WHAT YOU NEED TO DO: Write out, from the entries below, exactly the lines that run between the lines holding "Wonderful example of" and "Wear consistent with", inclusive, and stop there.

DATA EXTRACTS:
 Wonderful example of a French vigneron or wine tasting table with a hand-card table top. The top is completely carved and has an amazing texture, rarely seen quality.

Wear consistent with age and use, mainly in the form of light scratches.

...

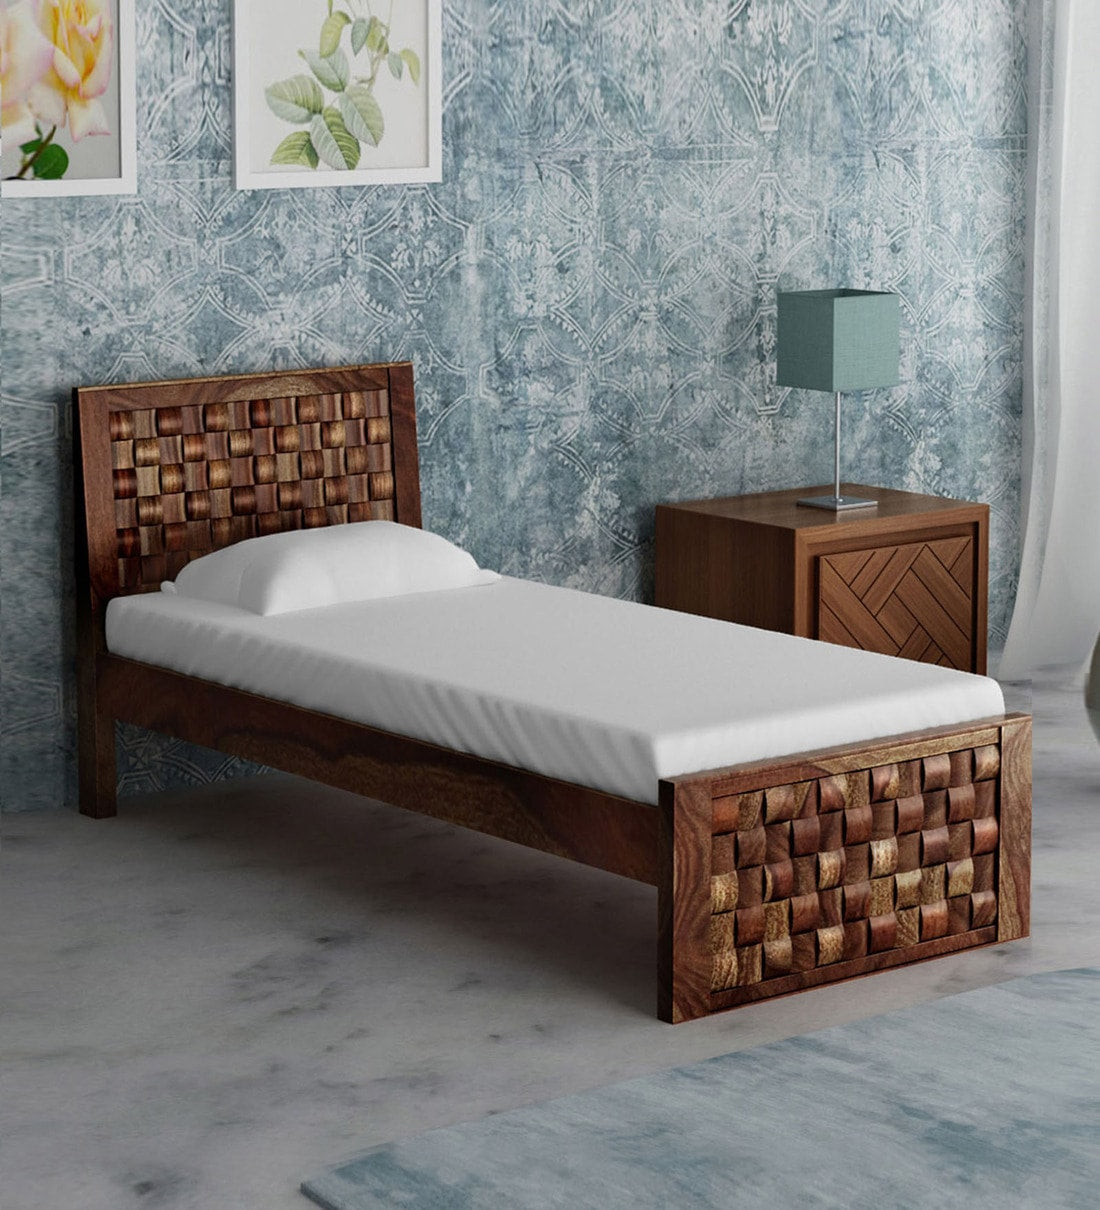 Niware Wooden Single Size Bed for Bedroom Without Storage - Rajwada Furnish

* * *

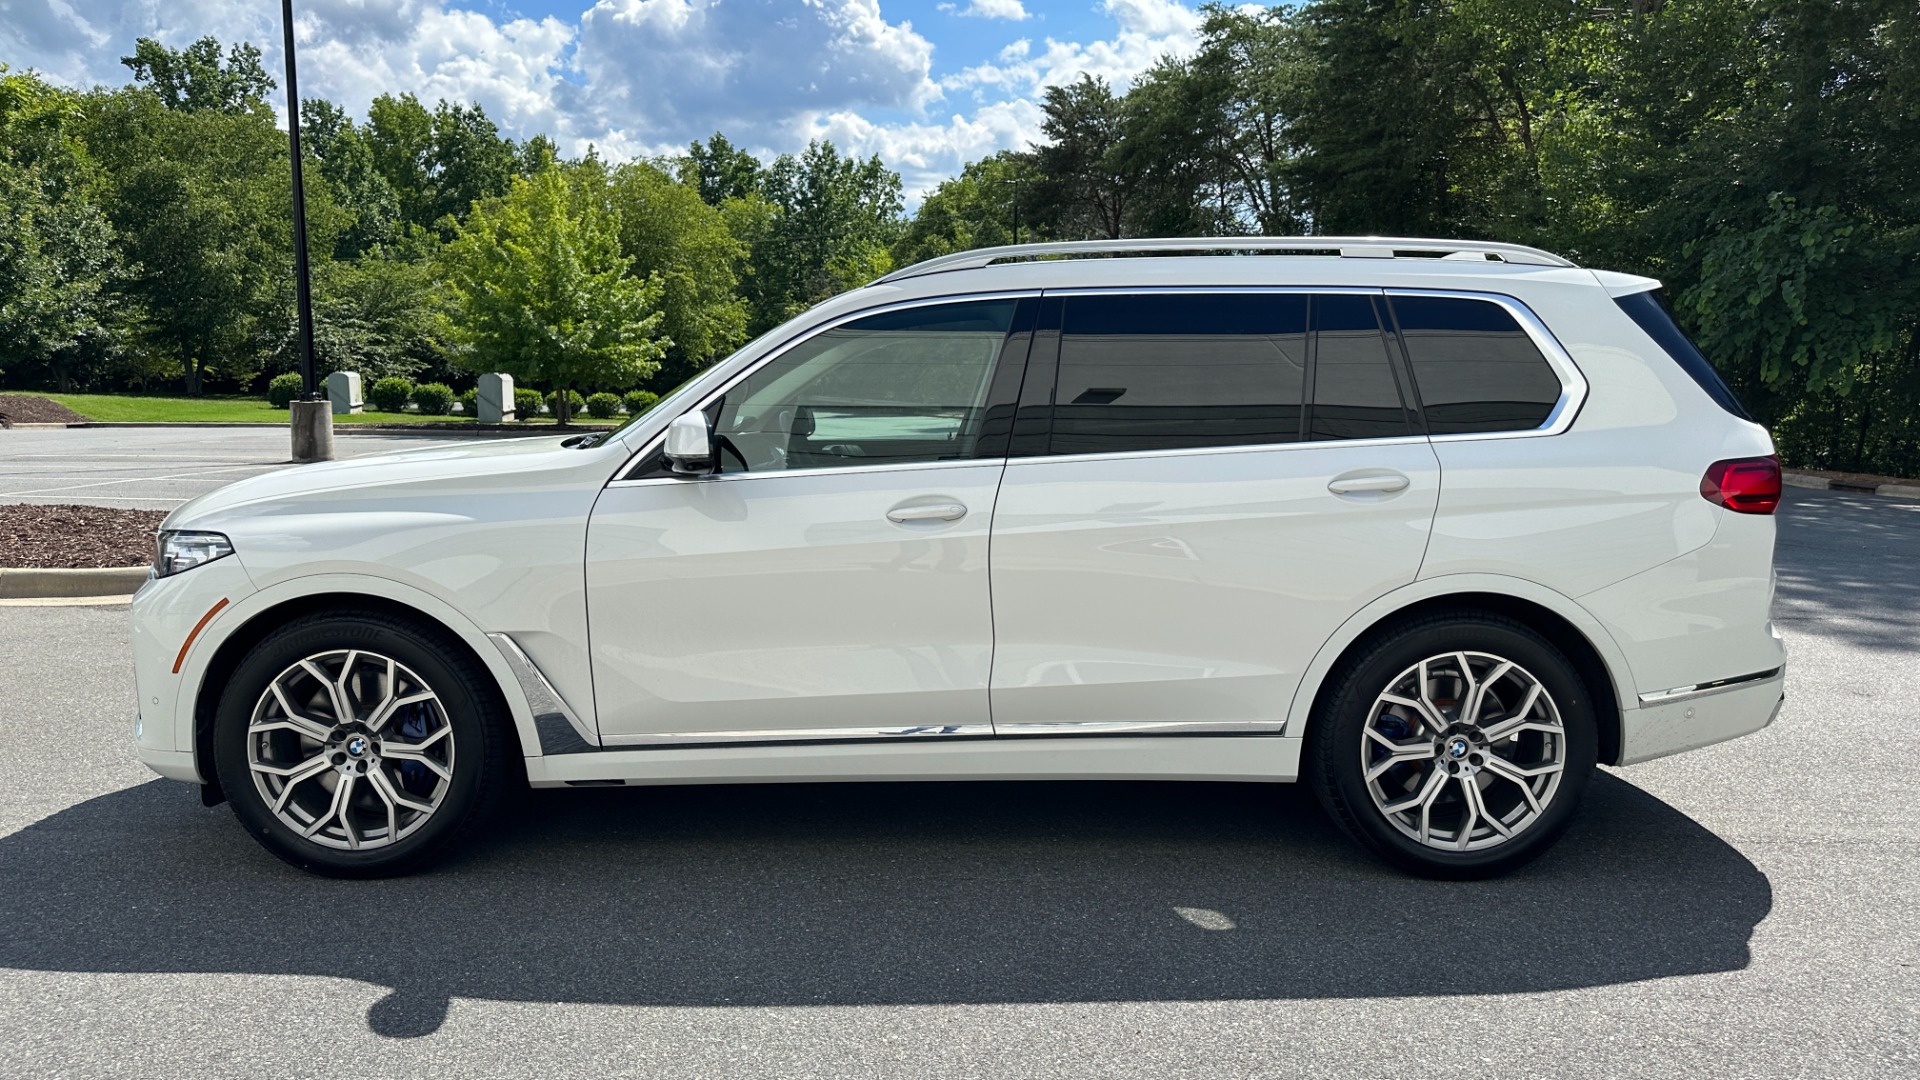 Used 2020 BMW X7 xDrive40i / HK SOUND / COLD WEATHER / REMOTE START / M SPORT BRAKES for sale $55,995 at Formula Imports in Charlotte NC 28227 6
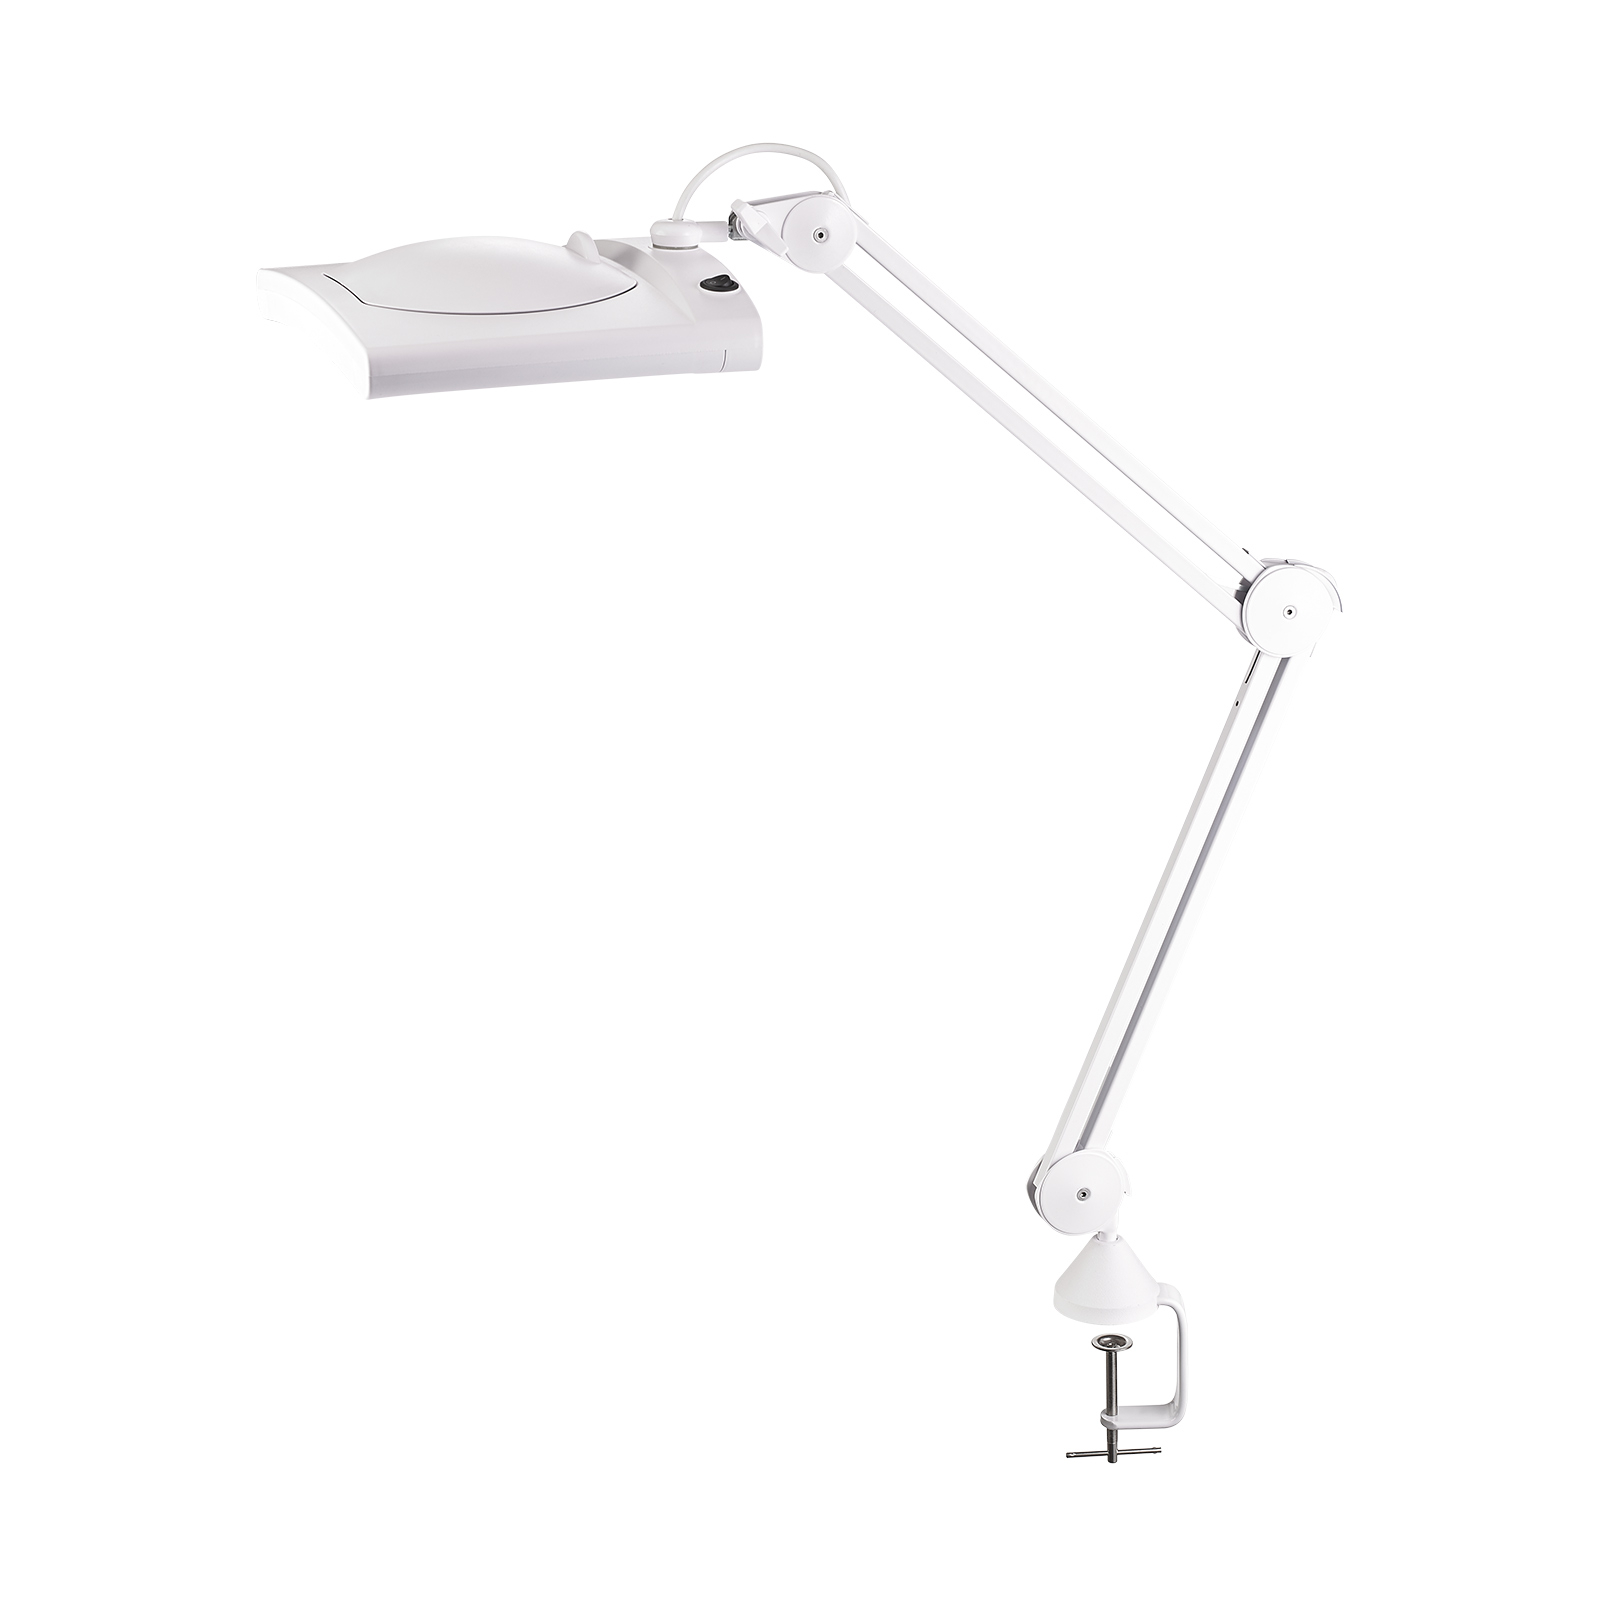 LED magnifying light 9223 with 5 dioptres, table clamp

TASK ANSWER:
 Wonderful example of a French vigneron or wine tasting table with a hand-card table top. The top is completely carved and has an amazing texture, rarely seen quality.

Wear consistent with age and use, mainly in the form of light scratches.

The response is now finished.